Wikidata is a collaborative knowledge base launched by the Wikimedia Foundation in 2012. It aims to store structured data that come mainly from Wikipedia. It includes some other sources of data like Freebase, that has been shut down in May 2016.

The interesting thing is that Wikidata relies on Linked Data standards. In a nutshell, it allows you to retrieve RDF datasets. RDF is the graph data model of the Linked Data, in which the data are structured into “subject - predicate - object” triples, and offers several serializations such as RDF-XML, N3, Turtle, etc. Moreover, you can easily query the data with the available endpoint by using SPARQL language. Currently, Wikidata stores 1,262,008,154 triples.

For your information, DBPedia is also a great public source of data that also provides a SPARQL Endpoint. An interesting benefit from DBPedia over Wikidata is that the predicates are human readable. On the other hand, the data seems to be more messy than in Wikidata. I have experienced it when querying data from actors, where the birthplaces were sometimes objects, sometimes literals strings for instance. Currently, DBPedia stores 438,038,621 triples.

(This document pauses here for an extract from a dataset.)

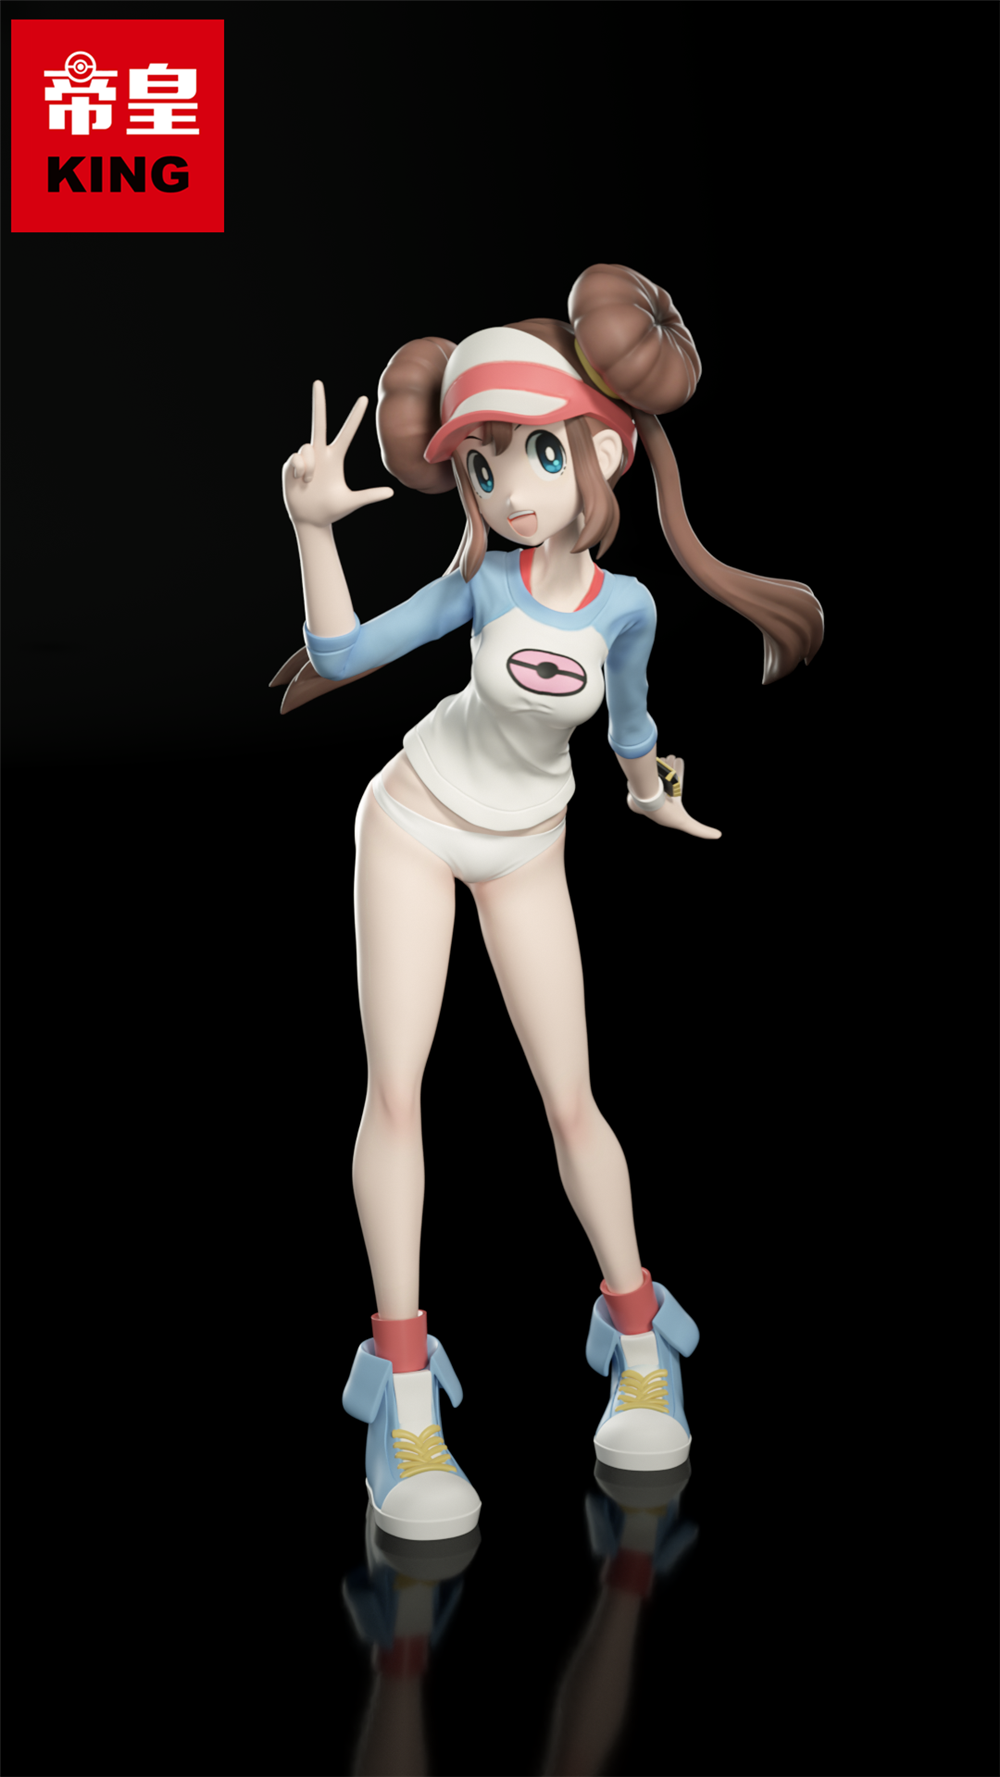 〖Sold Out〗Pokemon Scale World Rosa 1:20 - King Studio

Let’s run our SPARQL query on Wikidata endpoint in order to retrieve our data for film actors. For the tutorial, we will retrieve their name, gender, country, demonym, birth place, birth date, number of children and the awards won. You just have to copy/paste the query below into the field :

PREFIX wdt: <http://www.wikidata.org/prop/direct/>
PREFIX wd: <http://www.wikidata.org/entity/>
PREFIX pq: <http://www.wikidata.org/prop/qualifier/>
PREFIX rdfs: <http://www.w3.org/2000/01/rdf-schema#>
PREFIX p: <http://www.wikidata.org/prop/>
SELECT
(MAX(?label) AS ?label)
(MAX(?genderLabel) AS ?gender)
(MAX(?countryLabel) AS ?country)
(MAX(?demonym) AS ?demonym)
(MAX(?birthPlaceLabel) AS ?birthPlace)
(MAX(?birthCountryLabel) AS ?birthCountry)
(MAX(?birthDate) AS ?birthDate)
(MAX(?numberOfChildren) AS ?children)
(CONCAT('[', GROUP_CONCAT(DISTINCT ?awardData; SEPARATOR = ','), ']') AS ?awards)
(COUNT(?awardData) AS ?awardsCount)
WHERE {
?s wdt:P106 wd:Q10800557 . #occupation : filmActor
?s rdfs:label ?label . FILTER(lang(?label) = 'en') .
?s wdt:P21 ?gender .
?gender rdfs:label ?genderLabel FILTER(lang(?genderLabel) = 'en') .
?s wdt:P569 ?birthDate .
?s wdt:P27 ?country . FILTER(?country != wd:Q403) .
?country rdfs:label ?countryLabel FILTER(lang(?countryLabel) = 'en') .
?country wdt:P1549 ?demonym FILTER(lang(?demonym) = 'en') .
?s wdt:P19 ?birthPlace .
?birthPlace rdfs:label ?birthPlaceLabel FILTER(lang(?birthPlaceLabel) = 'en') .
?birthPlace wdt:P17 ?birthCountry .
?birthCountry rdfs:label ?birthCountryLabel FILTER(lang(?birthCountryLabel) = 'en') .
OPTIONAL {?s wdt:P1971 ?numberOfChildren} .
?s p:P166 ?award .
?award pq:P585 ?awardDate .
?award pq:P1686 ?awardMovie .
?awardMovie rdfs:label ?awardMovieLabel FILTER(lang(?awardMovieLabel) = 'en') .
BIND(CONCAT('{"movielabel":"', ?awardMovieLabel, '","movieyear":"', xsd:string(YEAR(?awardDate)), '"}') AS ?awardData)
}
GROUP BY ?s
LIMIT 100

Note : I have excluded Serbian actors in the query to avoid a weird encoding issue that break some lines in the CSV file, I will try to find a better fix …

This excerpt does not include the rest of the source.